Впервые за несколько дней Билл искренне улыбнулся, хотя в душе все еще чувствовал горечь. Нет, это печаль не по Чарли, а по тем словам, что сказала бабушка. Бенктон понимал, что художником жизни можно стать в любой момент. Даже если сейчас тяжелые времена.
Билл решил прогуляться перед сном. Свежий воздух казался ему полезным. Всю прогулку он думал о разговоре с Джессикой, чувствовал себя виноватым за то, что нагрубил ей. Чтобы загладить вину, ему нужно появиться в колледже, куда он так не хотел возвращаться. Взвесив в уме все «за» и «против», Билл все же решил на следующий день сходить на занятия.
Снег крупицами парил над головой. Дорога устелена словно ситцевым покрывалом. Морозный воздух колол пересохшие губы, нос, щеки и мочки ушей. Он водил по лицу своими жгучими коготками, оставляя румяные следы. Билл остановился под фонарем, поднял взгляд в небо и влажными глазами посмотрел на небо. По губам Бенктона скользил теплый пар, вскоре сливавшийся с холодным ветром. Через минуту Билл потер руки, ссутулился и неспешно побрел по заснеженной, казалось, нехоженой дороге.
Придя домой, он снова наблюдал ту мерзкую картину. Мама елозила по истоптанному годами разноцветному ковру с изображенными на нем ромбами, кругами и квадратами. Лицо измазано склизкими соплями, изо рта текли слюни, рядом лежала бутылка из-под бурбона. Билл, как и бабушка, не понимал, откуда у мамы берутся деньги на выпивку. Ее кошелек пуст, в карманах халата дырки, а в заначках, где раньше хранились украшения, уже давно шаром покати. Так или иначе, Билл договорился с бабушкой не выпускать на улицу маму и забирать у нее всю выпивку.
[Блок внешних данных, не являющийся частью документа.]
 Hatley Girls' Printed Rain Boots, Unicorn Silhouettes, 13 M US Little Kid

На следующее утро Бенктон стоял у входа в колледж и ждал Джессику. Время шло, но девушки не было. Он увидел ее подружек и подбежал к ним, чтобы спросить, где Джессика, но те дружно пожали плечами. Билл нахмурился, отошел в сторону и начал беспокойно топтаться на месте, потирая при этом потную ладонь о джинсы. В голове витали разные мысли, он тяжело сопел и постоянно зачесывал волосы назад.
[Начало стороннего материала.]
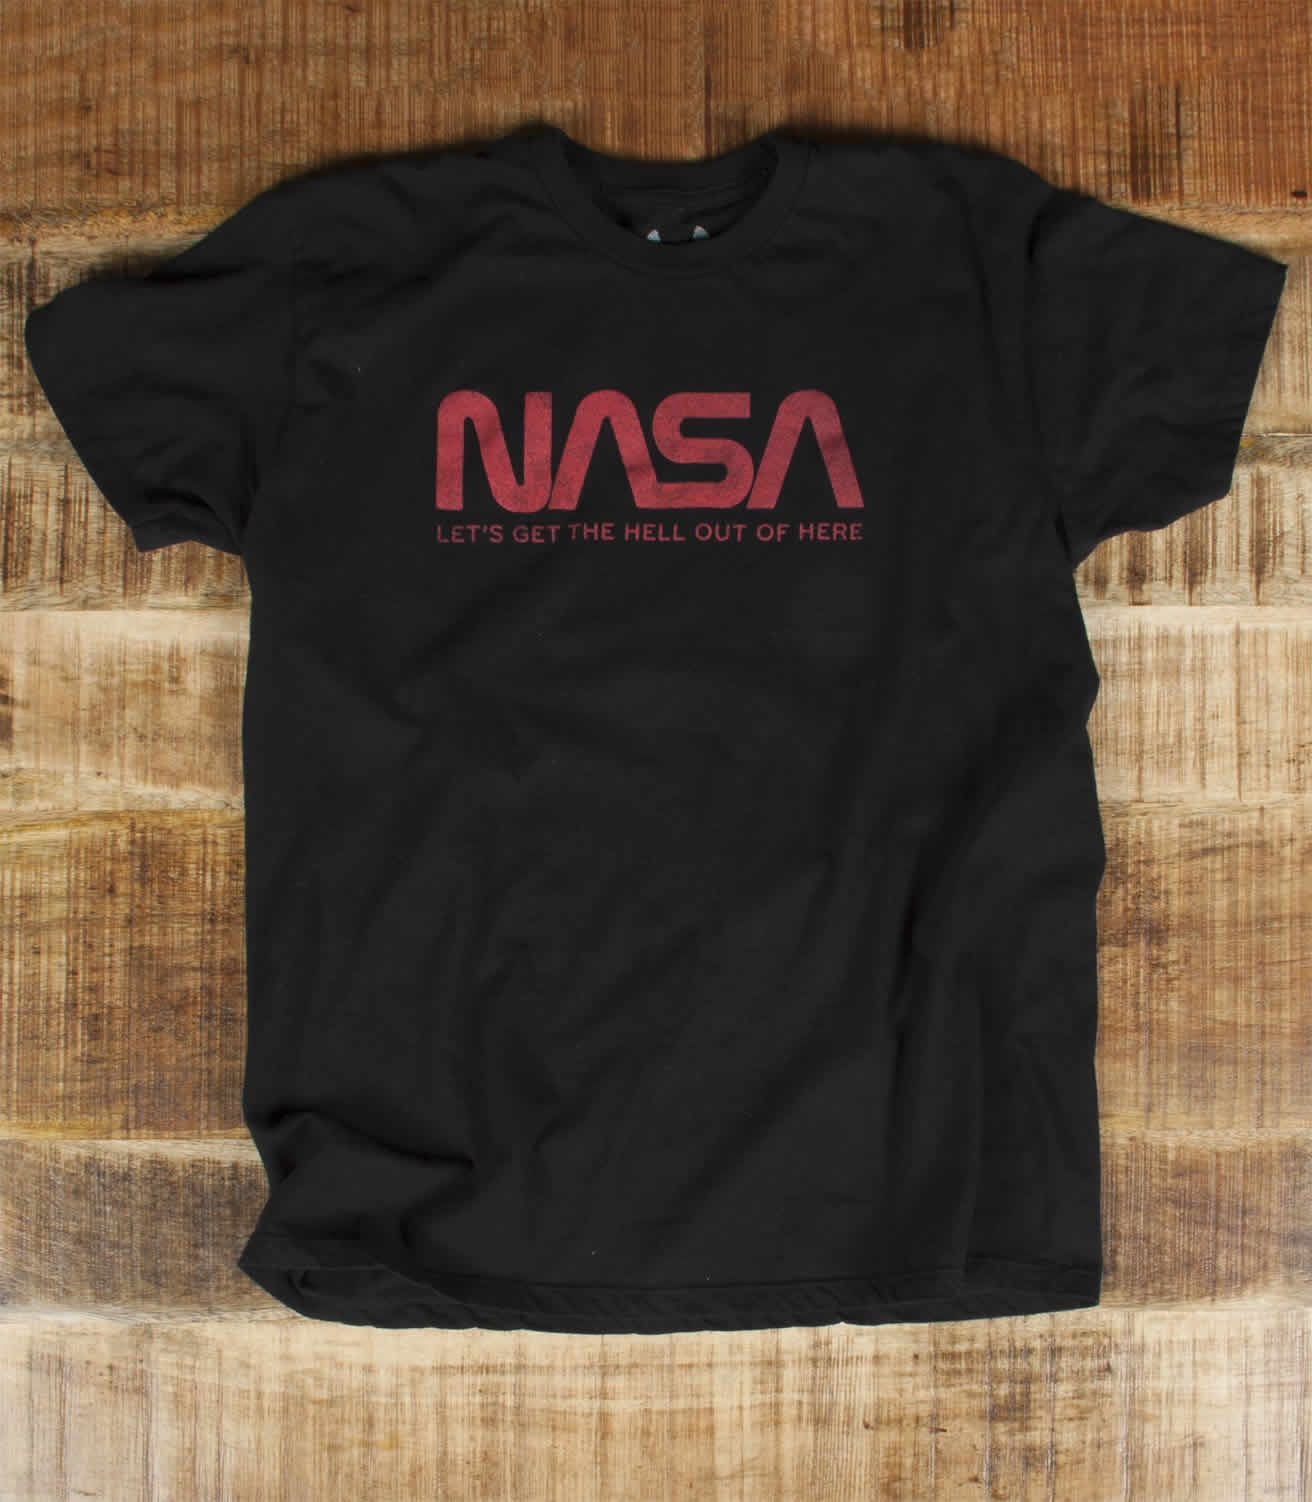 NASA Men's T-Shirt | Headline Shirts

Плюнув на занятия, Билл помчал к ее дому. Добравшись до места, он постучал в дверь и принялся ждать. Спустя мгновение дверь открылась. Перед ним стояла хмурая, высокая, в меру упитанная женщина, одетая в бирюзовый халат. На вид ей лет шестьдесят, однако Джессика говорила, что бабушка гораздо старше.
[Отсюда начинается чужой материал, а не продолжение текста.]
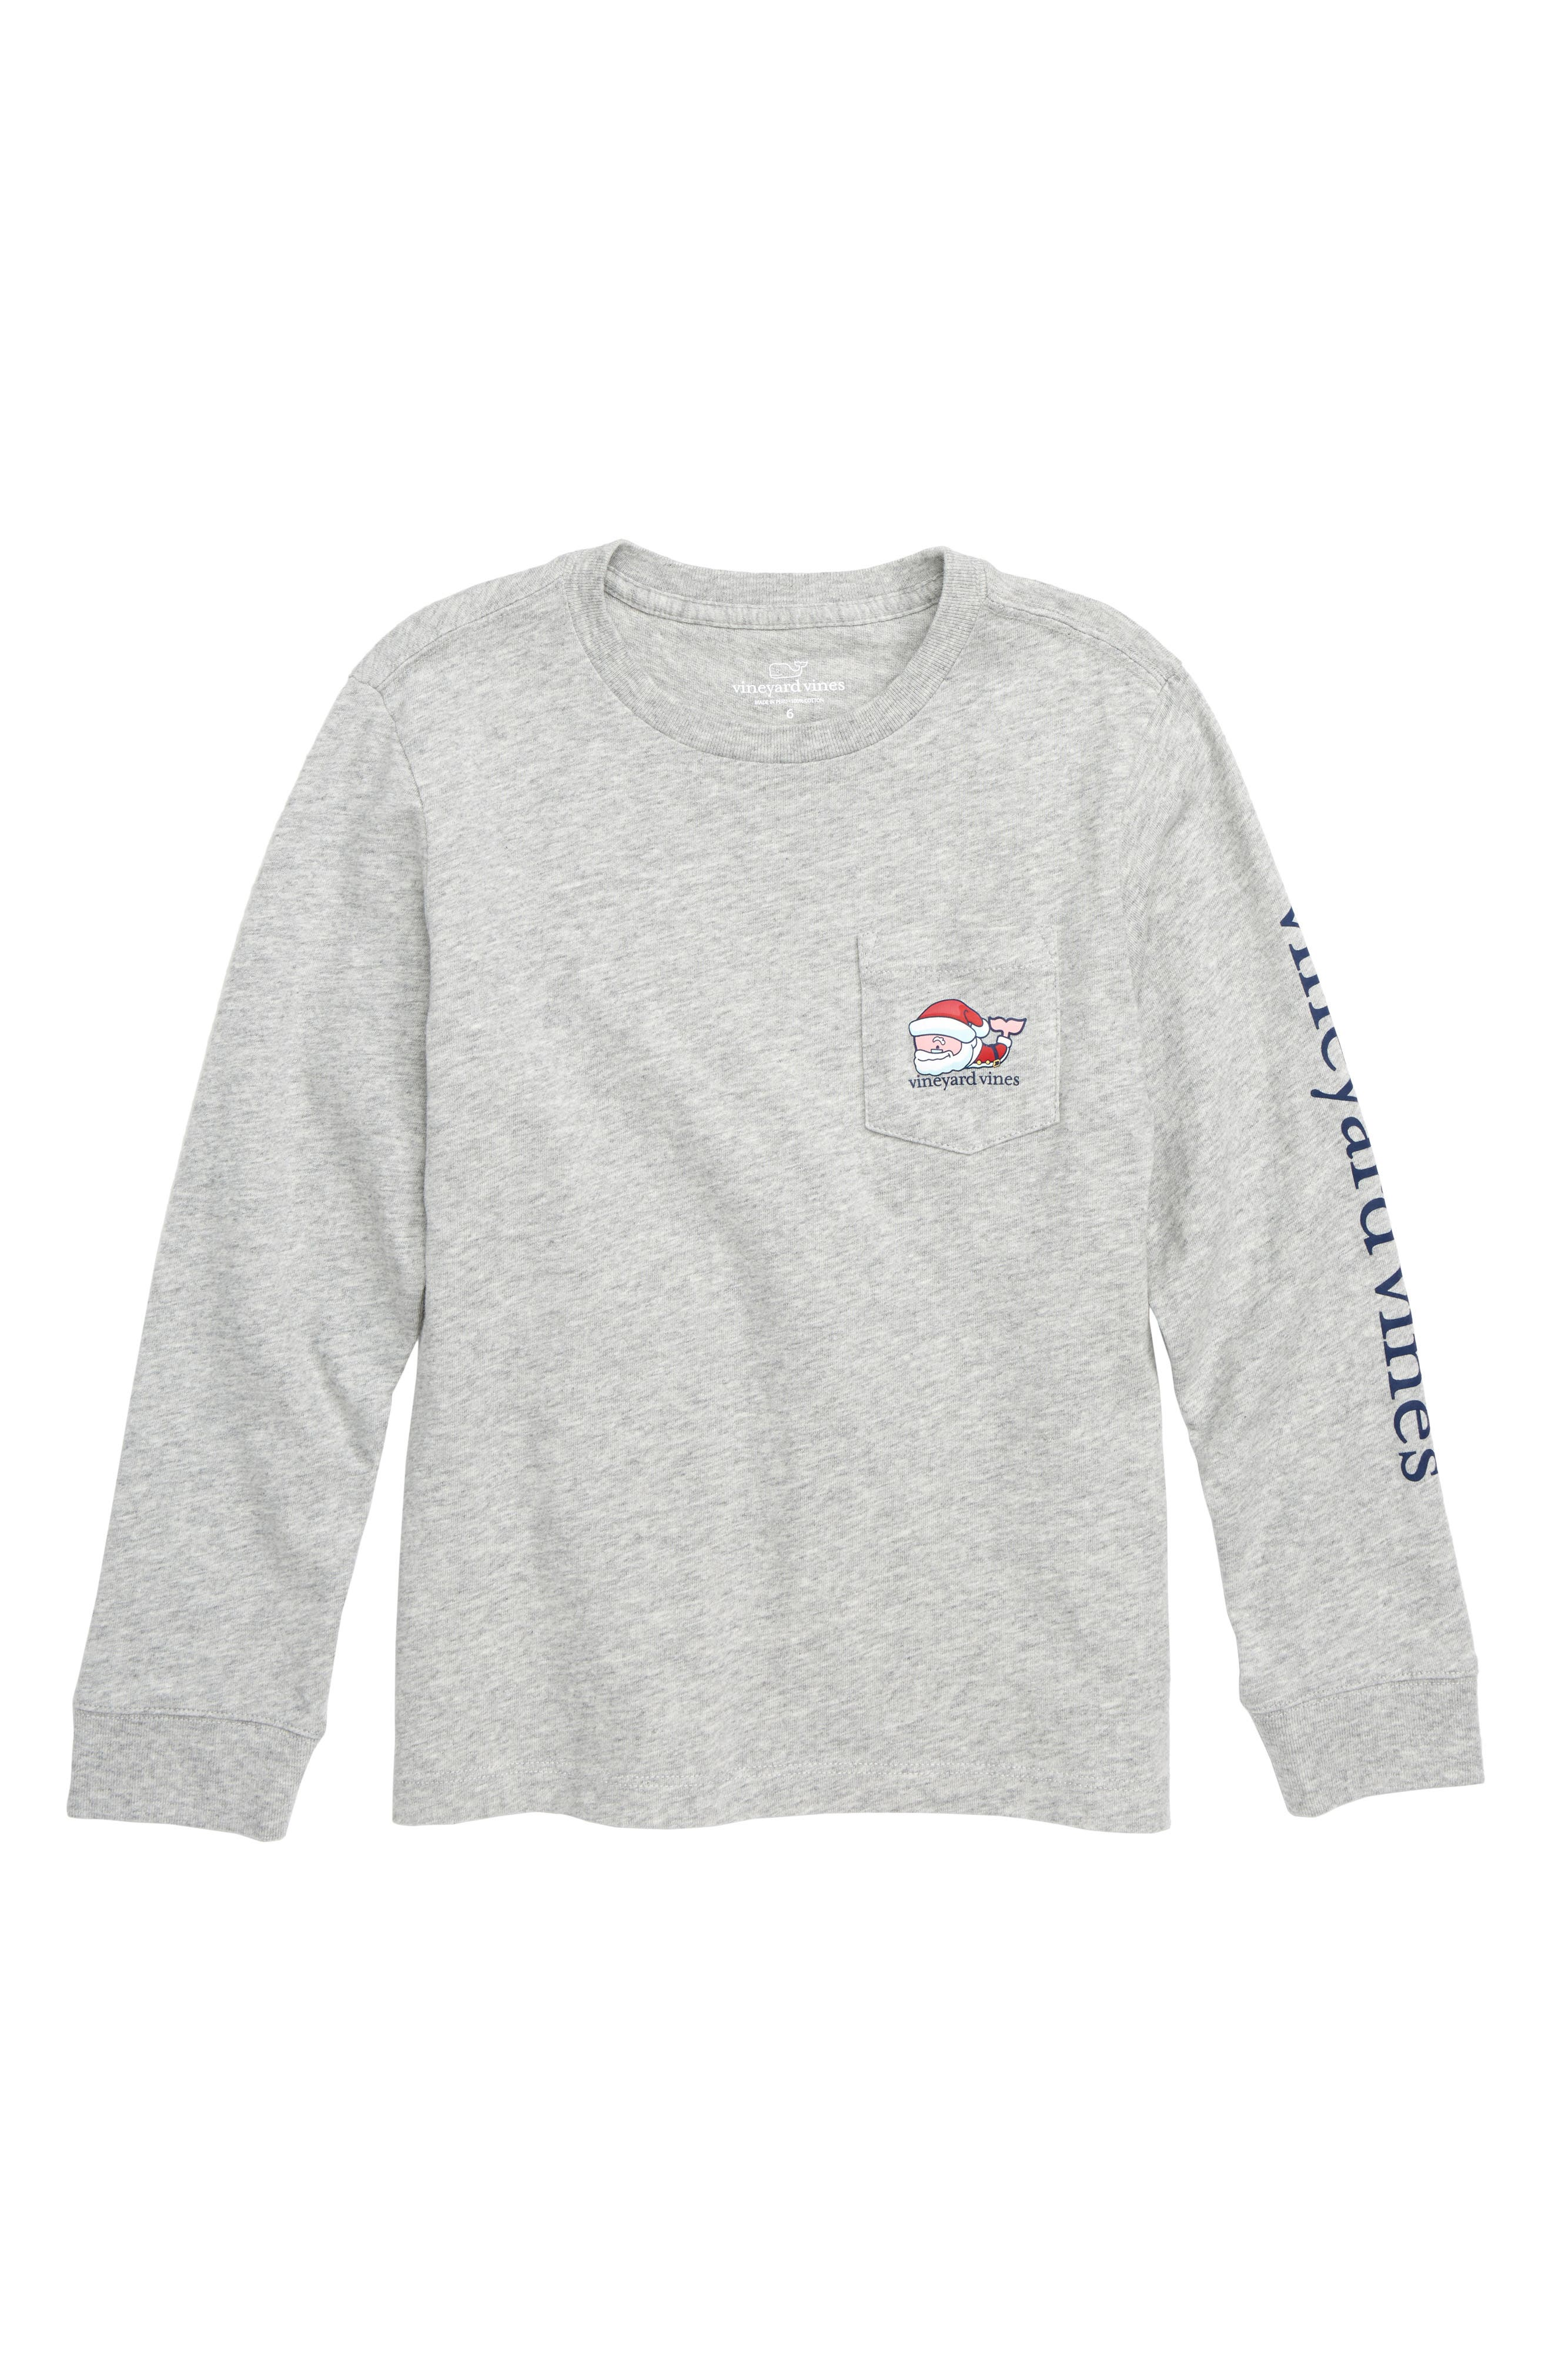 Boys Vineyard Vines Naughty Or Nice Santa Whale Pocket TShirt Size 6  Grey

– Что вам нужно, молодой человек? – спросила та, сурово опустив редкие брови к переносице.
– А вы не подскажете, Джессика дома? – улыбчиво спросил парень. – Я ее друг, Билл.
– Она сейчас не может ни с кем видеться!
– Бабуль, пусть он пройдет! – крикнула Джессика, выглядывая из своей комнаты.
Женщина с неохотой впустила в дом Билла, но косо поглядывала на него. Он увидел Джессику. Та стояла с костылями.
– Что случилось, милая? – подбежав к ней, с дрожью в голосе спросил он. – Почему ты на костылях?
– Поскользнулась и подвернула ногу, когда вчера от тебя уходила! – сердилась она.
Билл чувствовал в этом свою вину. Он нежно обнял Джессику и прошептал на ушко:
– Прости меня, родная!
Джессика чувствовала, что не безразлична Биллу. Она улыбнулась и пригласила его попить вместе кофе. Во время беседы познакомился с ее бабушкой Лизой. Она оказалась весьма добродушной и внимательной женщиной старой закалки.
– А вы с моей бабушкой Розой подружились бы! – заявил Бенктон.
– Еще подружимся! – подмигнув сказала бабушка Лиза.
После небольшого застолья Билл предложил помочь по дому, так как Джессика была не в силах что-либо делать. Он прибрался, помыл плафоны, висевшие высоко под потолком, вынес мусор и даже починил дверь в кладовую, что постоянно скрипела и срывалась с одной петли. Затем он пошел в комнату к Джессике, где пробыл еще порядка двух часов.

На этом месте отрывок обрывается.